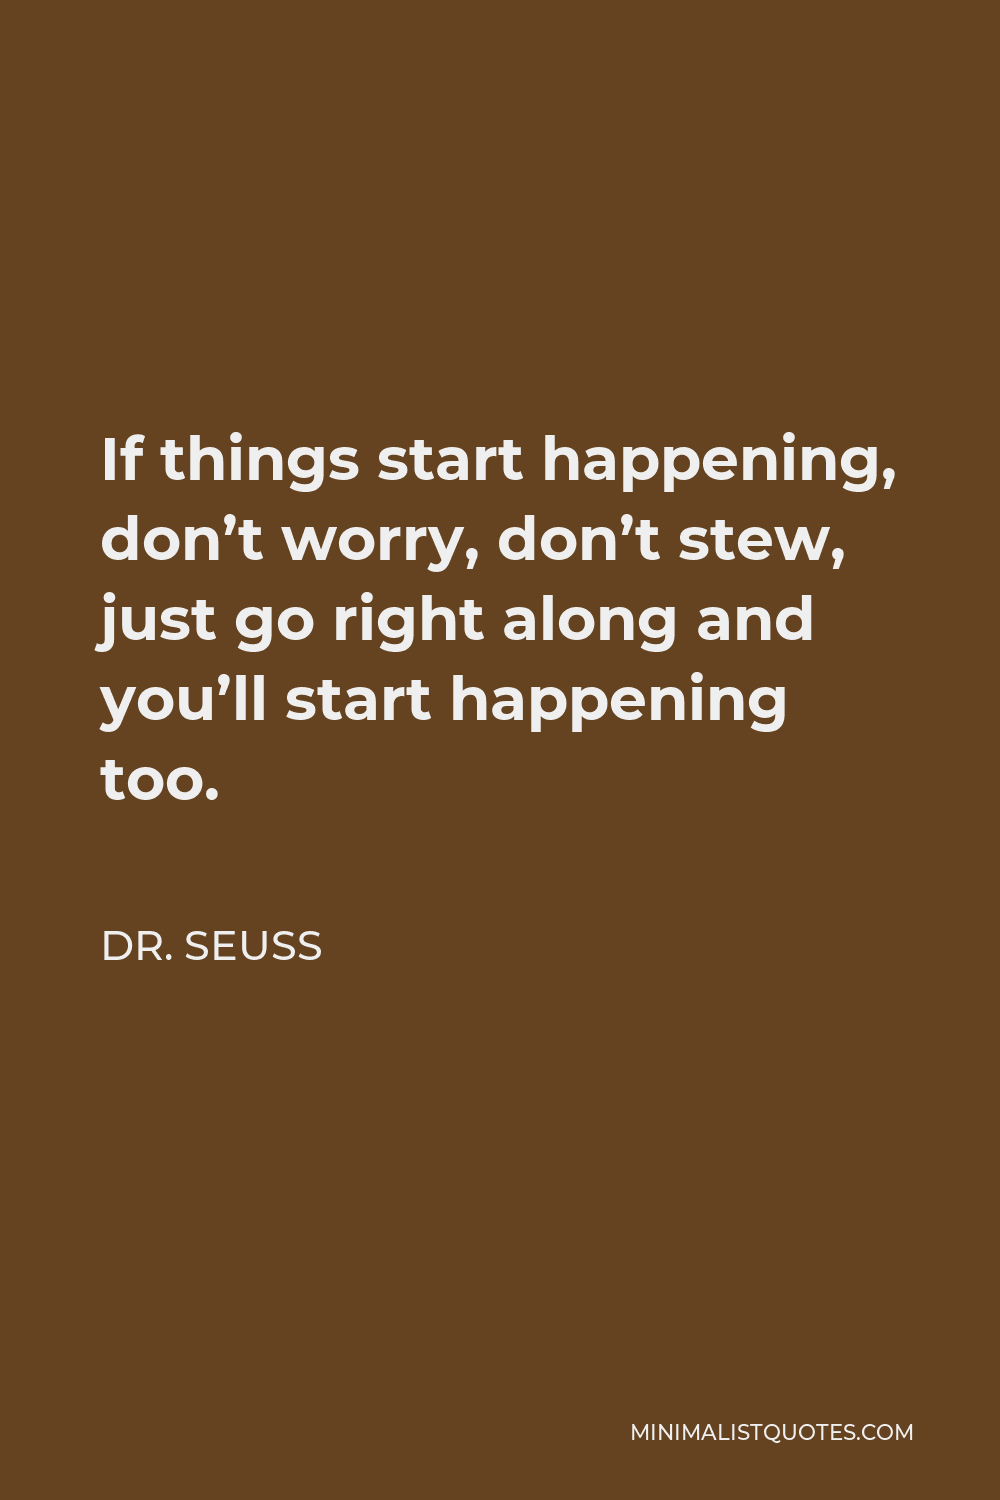 Dr. Seuss Quote - If things start happening, don’t worry, don’t stew, just go right along and you’ll start happening too.
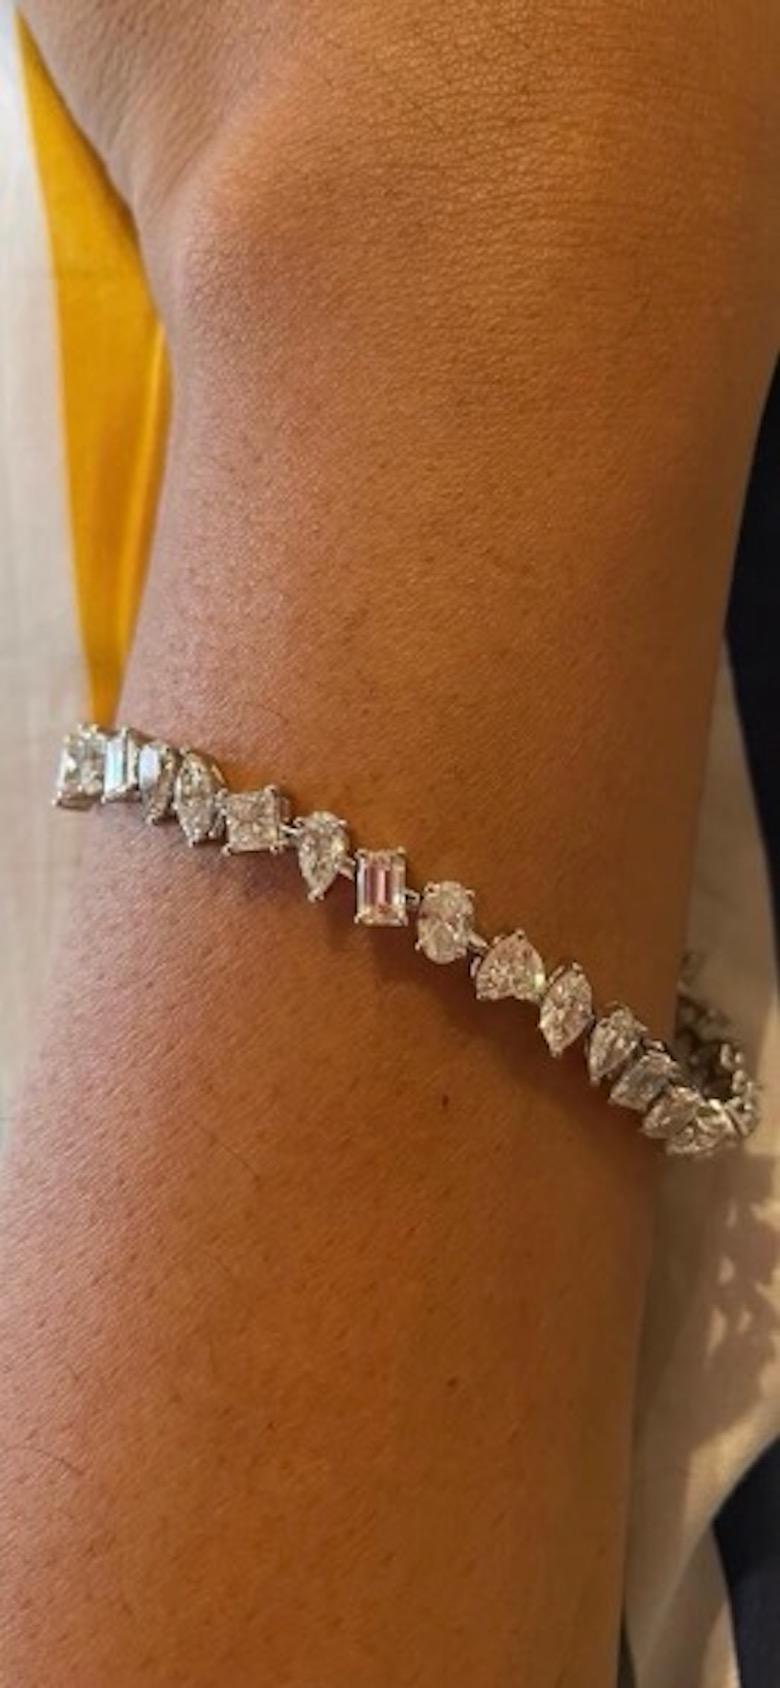 A grand party of popular diamonds.
The Carina diamond bracelet gives you more with every diamond in its symmetry. The diagonal placement of the diamonds ensures you get to flaunt maximum diamonds at a breathtaking price. Featuring a marvelous set of
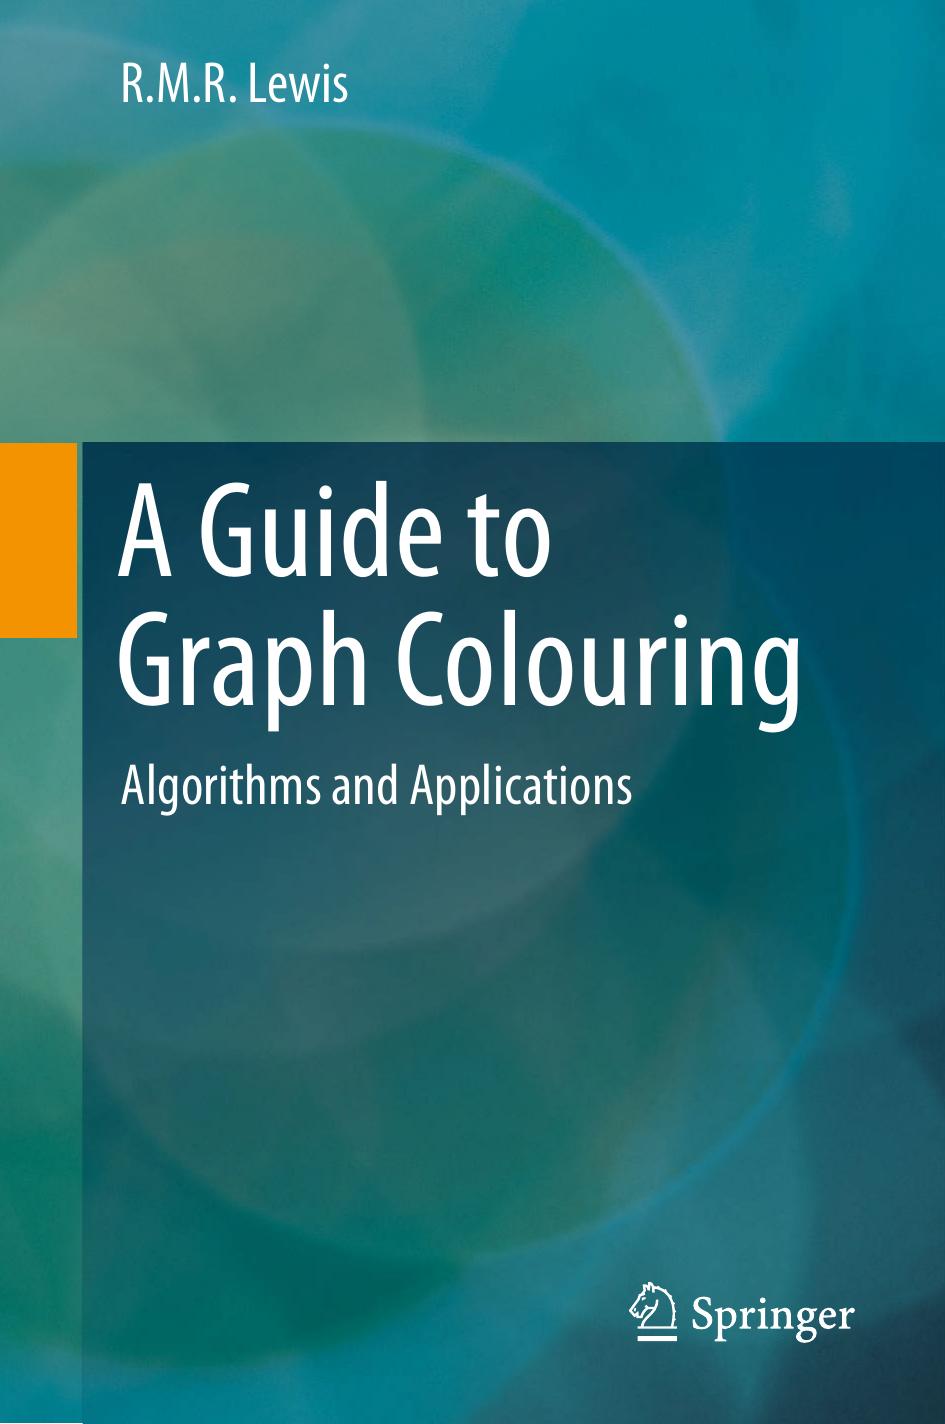 A Guide to Graph Colouring: Algorithms and Applications

WHAT NEEDS TO BE DONE:
Print out the material verbatim, skipping pictures.

TASK RESPONSE:
 Dr. Seuss Quote - If things start happening, don’t worry, don’t stew, just go right along and you’ll start happening too.
 A grand party of popular diamonds.
The Carina diamond bracelet gives you more with every diamond in its symmetry. The diagonal placement of the diamonds ensures you get to flaunt maximum diamonds at a breathtaking price. Featuring a marvelous set of
 A Guide to Graph Colouring: Algorithms and Applications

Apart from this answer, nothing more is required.